IMPALA: Scalable Distributed Deep-RL with Importance Weighted Actor-Learner Architectures
Lasse Espeholt
and
Hubert Soyer
and
Remi Munos
and
Karen Simonyan
and
Volodymir Mnih
and
Tom Ward
and
Yotam Doron
and
Vlad Firoiu
and
Tim Harley
and
Iain Dunning
and
Shane Legg
and
Koray Kavukcuoglu
arXiv e-Print archive - 2018 via Local arXiv
Keywords:
cs.LG, cs.AI
First published: 2018/02/05 (6 years ago) Abstract: In this work we aim to solve a large collection of tasks using a single
reinforcement learning agent with a single set of parameters. A key challenge
is to handle the increased amount of data and extended training time. We have
developed a new distributed agent IMPALA (Importance Weighted Actor-Learner
Architecture) that not only uses resources more efficiently in single-machine
training but also scales to thousands of machines without sacrificing data
efficiency or resource utilisation.
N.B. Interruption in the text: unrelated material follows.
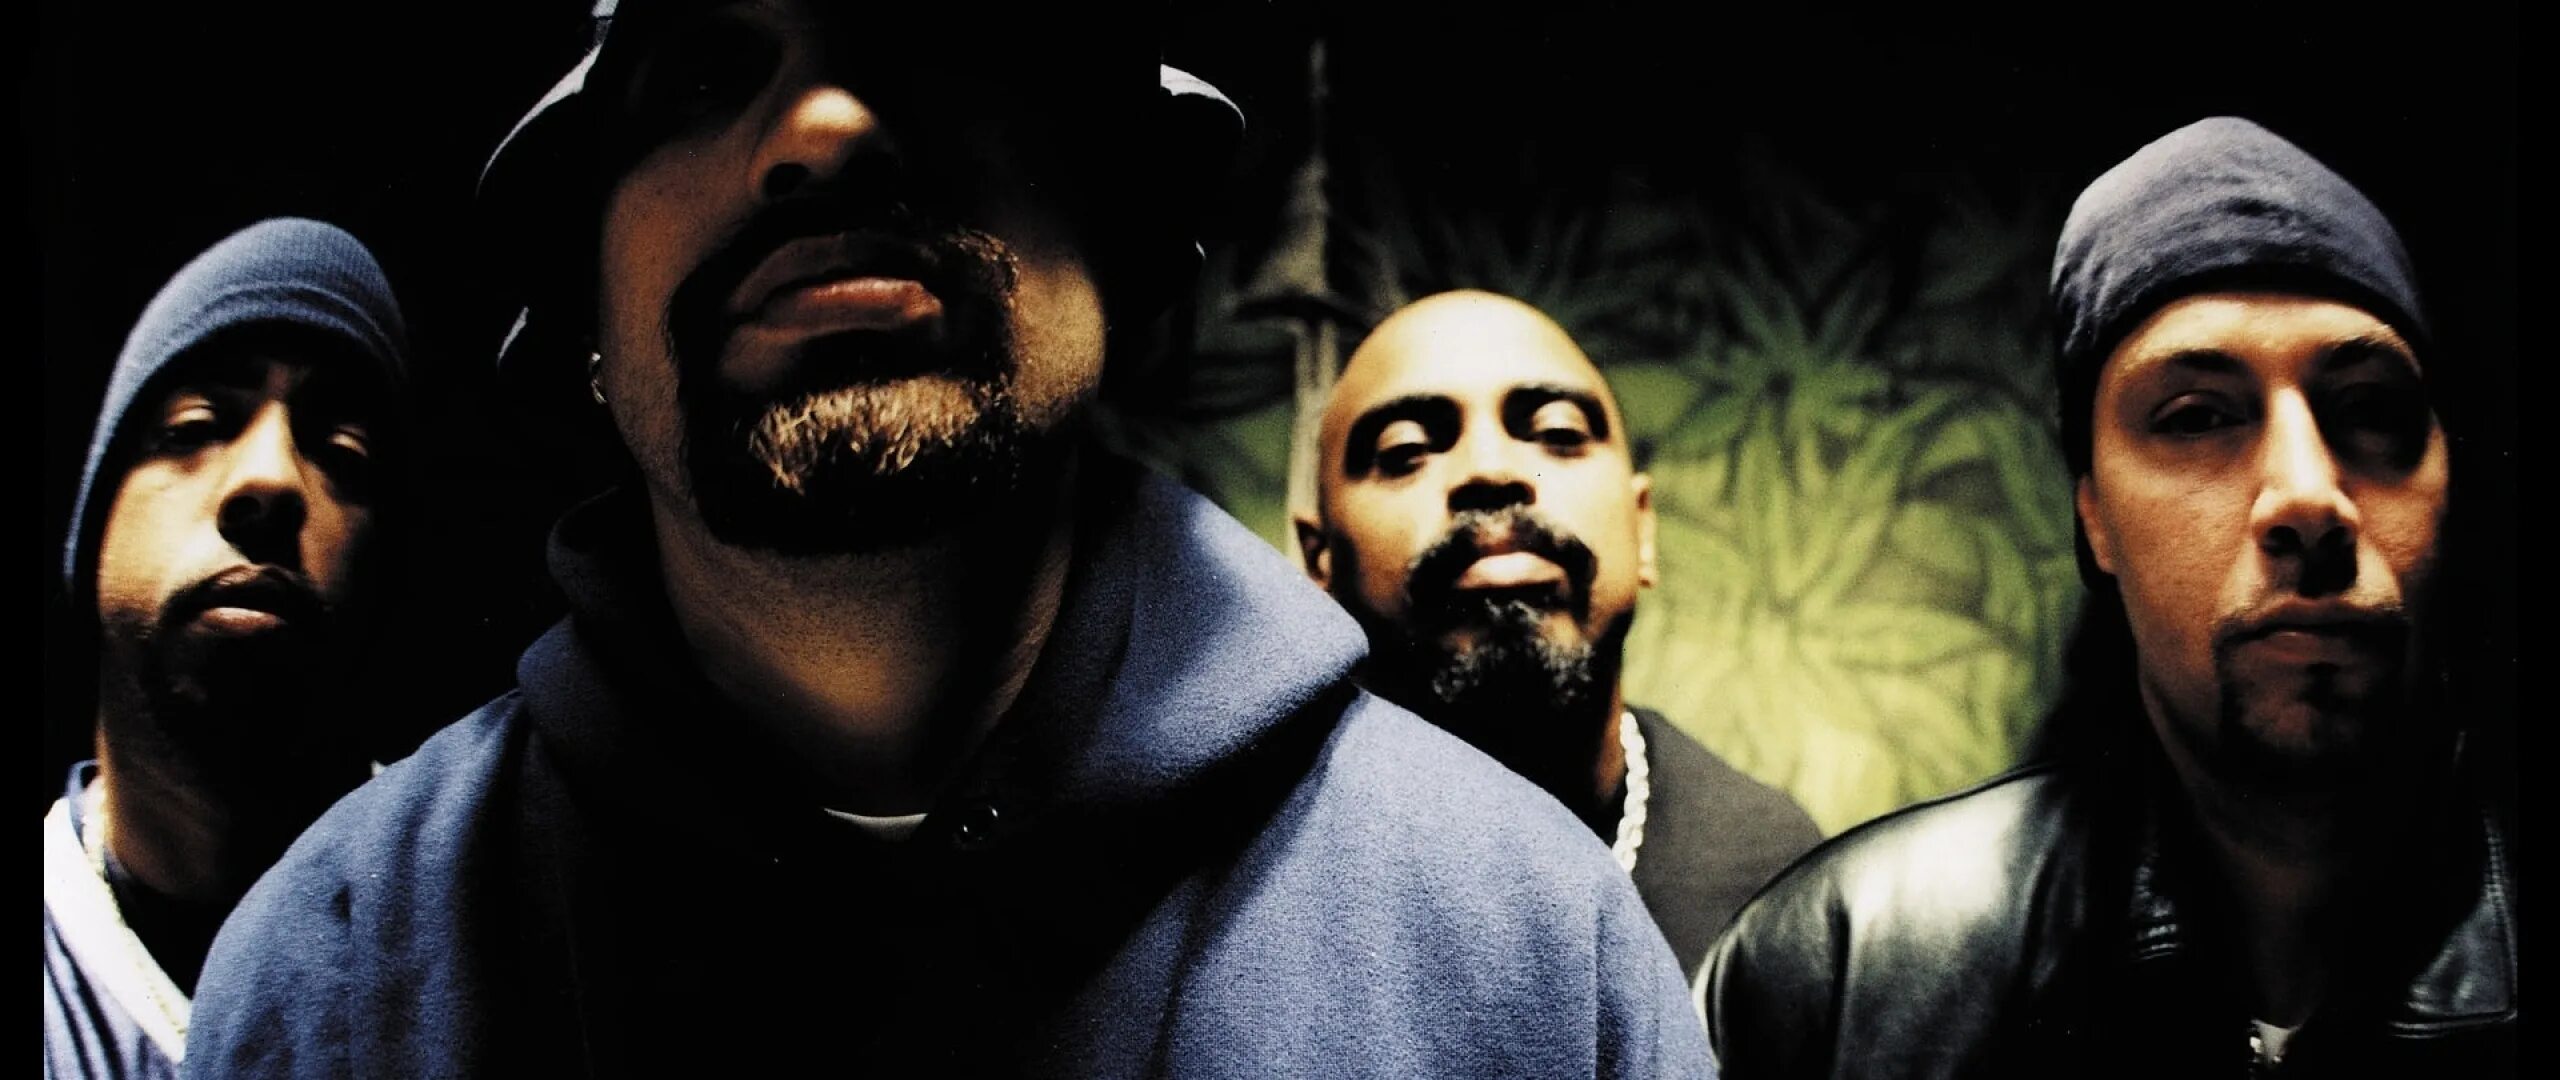 Insane in the brain hill. Сайпресс Хилл. Cypress Hill 1993. Группа Cypress Hill. Cypress Hill 1991.
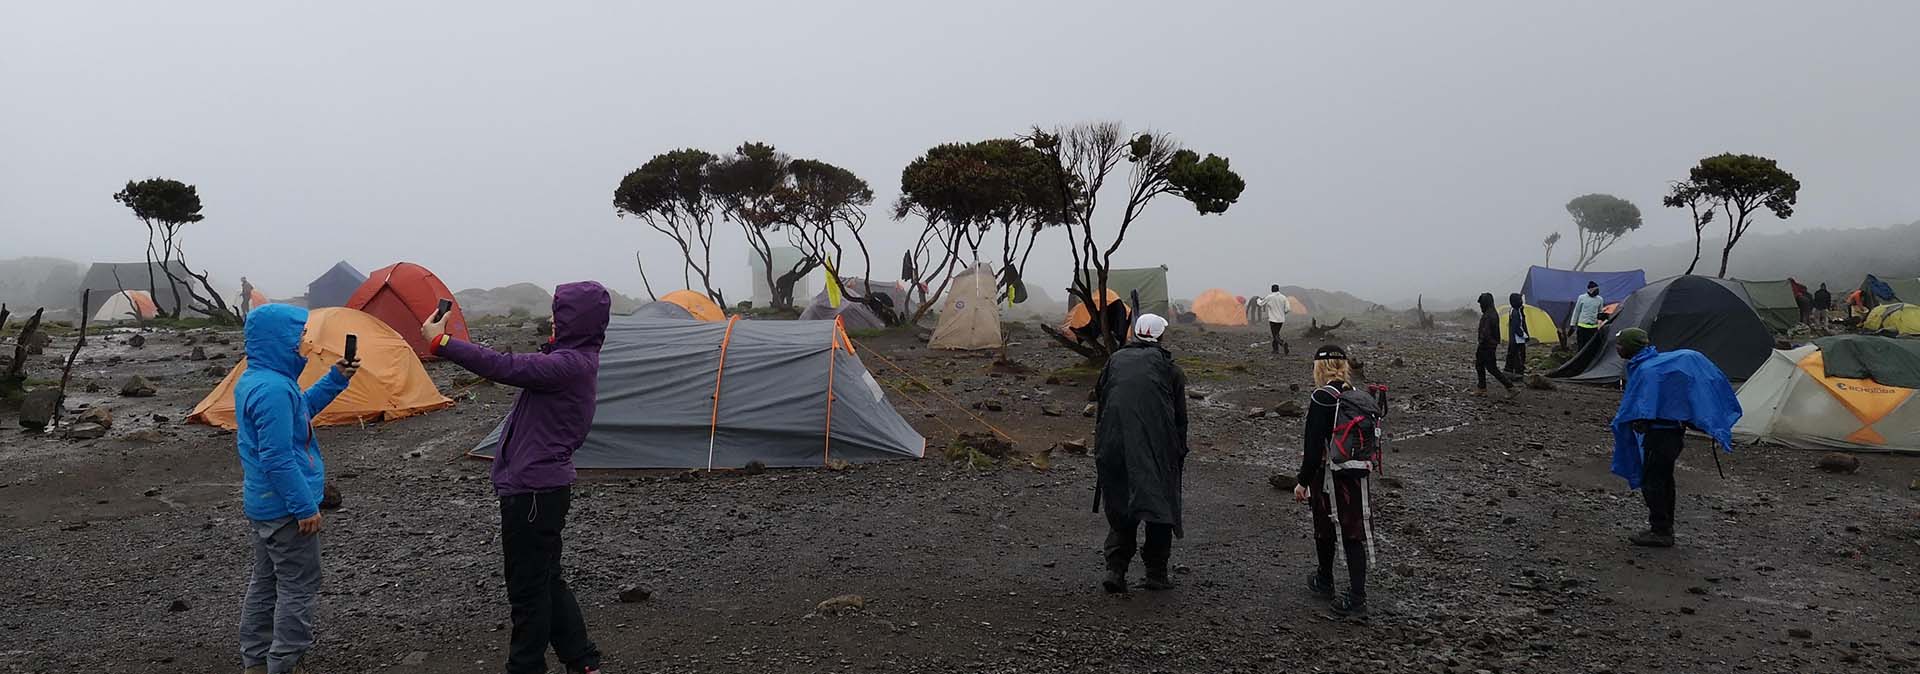 Altitude Sickness on Mount Kilimanjaro

We achieve stable learning at high
throughput by combining decoupled acting and learning with a novel off-policy
correction method called V-trace. We demonstrate the effectiveness of IMPALA
for multi-task reinforcement learning on DMLab-30 (a set of 30 tasks from the
DeepMind Lab environment (Beattie et al., 2016)) and Atari-57 (all available
Atari games in Arcade Learning Environment (Bellemare et al., 2013a)). Our
results show that IMPALA is able to achieve better performance than previous
agents with less data, and crucially exhibits positive transfer between tasks
as a result of its multi-task approach.